Now, he adds, it is time for the next step.

“We took our Application Suite and said: Wouldn’t it be nice if people got a great platform to go with it?” Kurian continues. “So, today, we’re introducing a broad set of platforms to go with these applications.”
The trio of announcements include: Oracle Database as a cloud service; Java as a service in Oracle Cloud; and Oracle Infrastructure as a service through Oracle Cloud.

“This suite of platform services is unique in three ways,” Kurian says. “It will integrate with all your applications; it is the same software that you use on your premises; and, most importantly, we will manage the software for you.”

The first new product, Oracle Database Cloud Service, will support both 11g and 12 versions of the company’s database.

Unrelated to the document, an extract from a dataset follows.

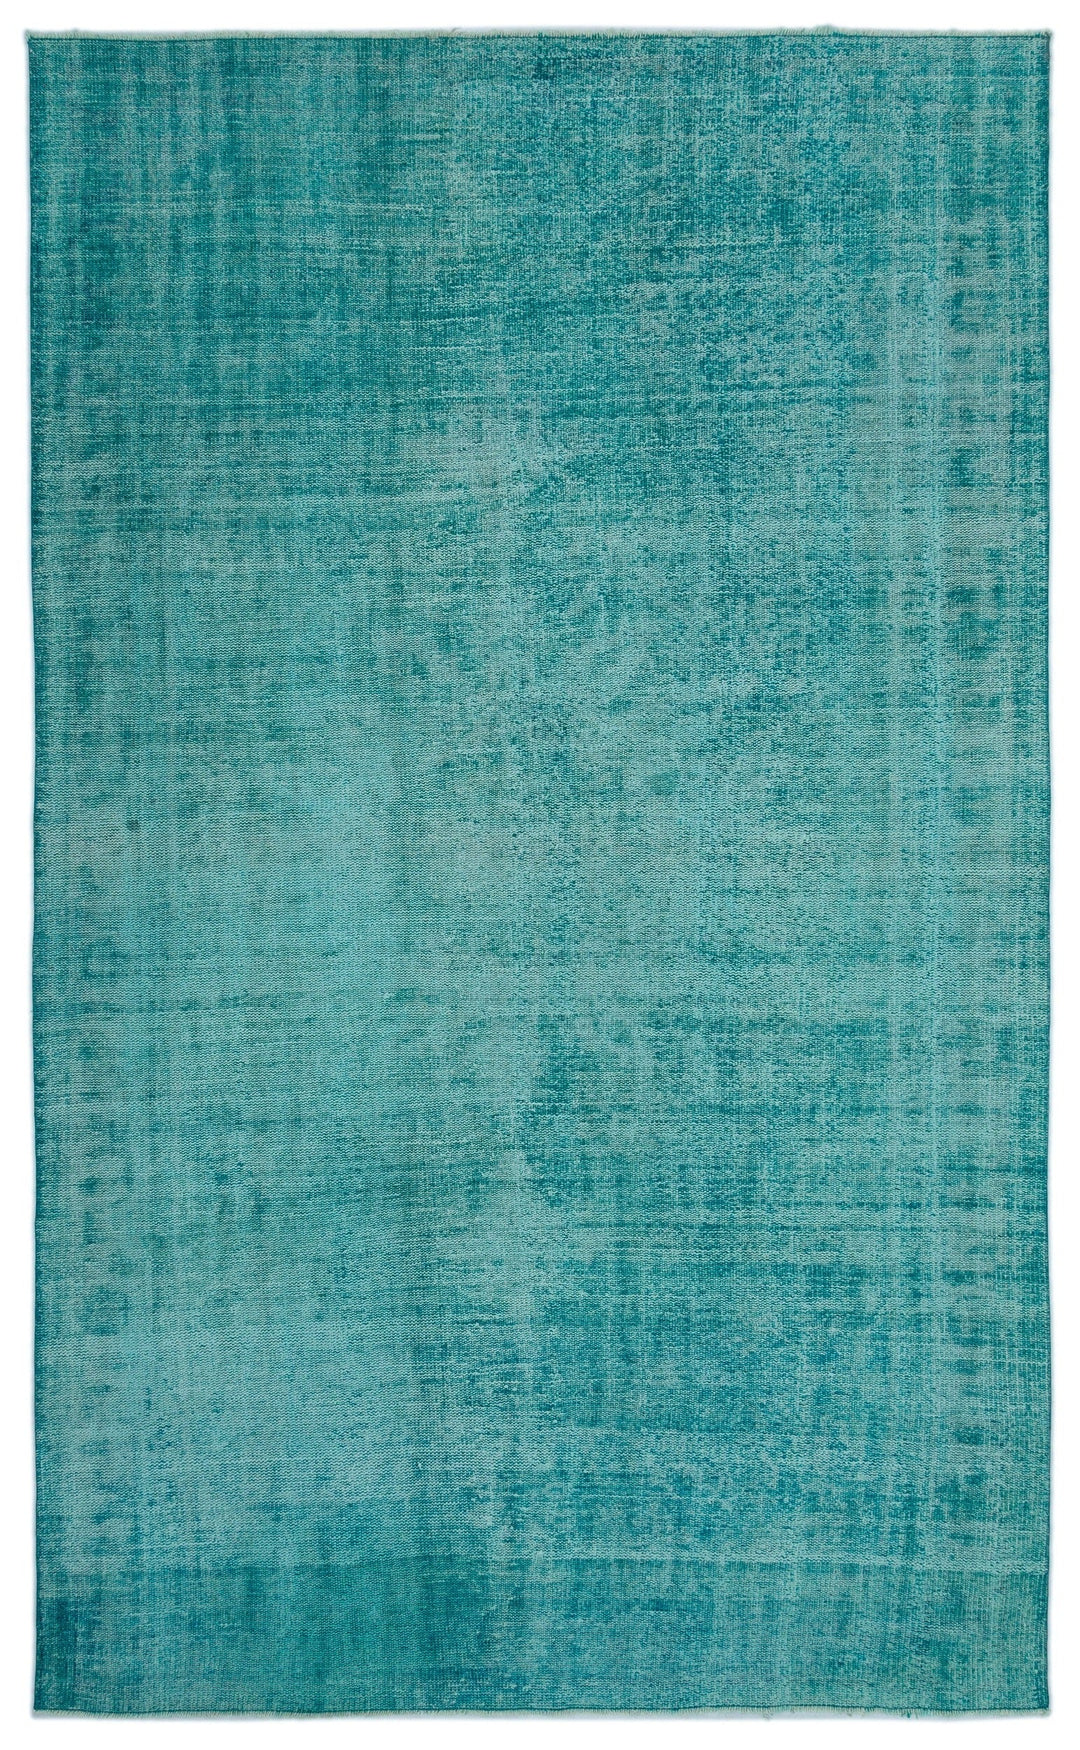 Athens Turquoise Tumbled Wool Hand Woven Rug 191 x 320

“What is it?” Kurian asks. “Simply, we are taking the world’s best database and making it available in the cloud. You can go to Oracle Cloud and get a dedicated database. And Oracle manages it for you – all patches, all upgrades – so that you can focus on using the database and building applications.”

Oracle Database Cloud Service will be available to users on a subscription, pay-as-you-go basis with three levels – basic, managed and maximum availability.

“Step two,” Kurian says, “is we’re taking Java as a service into Oracle Cloud. Again, it is the same WebLogic you use on your premises and, again, Oracle will manage it for you.

“With these two new products, customers can now have a database and a Java environment up and running within 20 to 30 minutes,” Kurian says.
“Just think about how long it would normally take for this going through the normal on-premise process … days at least.”

The new Java offering will also have three tiers of service in basic, managed and maximum availability.

Rounding off the trio of new products is Oracle Infrastructure as a service through Oracle Cloud which, Kurian says, offers two new crucial services – storage and compute.

“With our storage service, users will have the ability to use the cloud to store anything from files and objects through to logs,” he says. “But it is with the compute services that we’re really excited. You can build your applications in Java, but what if you want to build in Ruby … or C++? Now you can use our compute services for this.

“These compute environments are fully isolated – customers will get full management access, full root access, but full network isolation.”

Kurian says that these two new services on their own move Oracle forward in the era of infrastructure as a service.

“People told us three years ago that we wouldn’t be a cloud company,” he says.

“But 21,5-million people and 10 000 companies will tell you they love Oracle Cloud. Add to that application platforms and infrastructure and it allows you to do two very important things: it gives the customer a platform to change IT; and it makes them more agile.
“It saves costs and gives speed,” he adds. It is easy to provision, easy to use and it’s easy to move workloads – and it’s all based on software you run on-premise.

“We believe in this vision that we’ve worked on for nearly five years now and we’re seeing Oracle being perceived in a new light,” Kurian says. “We can change your experience and we can transform the way we deliver software to companies all around the world.”

** Editor’s Note: Larry Ellison may well have had good reason to skip his keynote for the America’s Cup final. Oracle Team USA won both races today to tie the longest final in the trophy’s history with Emirates New Zealand 8-8.

They have won seven races in a row and come back from a two-point penalty in what the US press is hailing as “the greatest sporting comeback ever”. Tomorrow sees the final, deciding race in the America’s Cup final taking place in San Francisco Bay, weather permitting.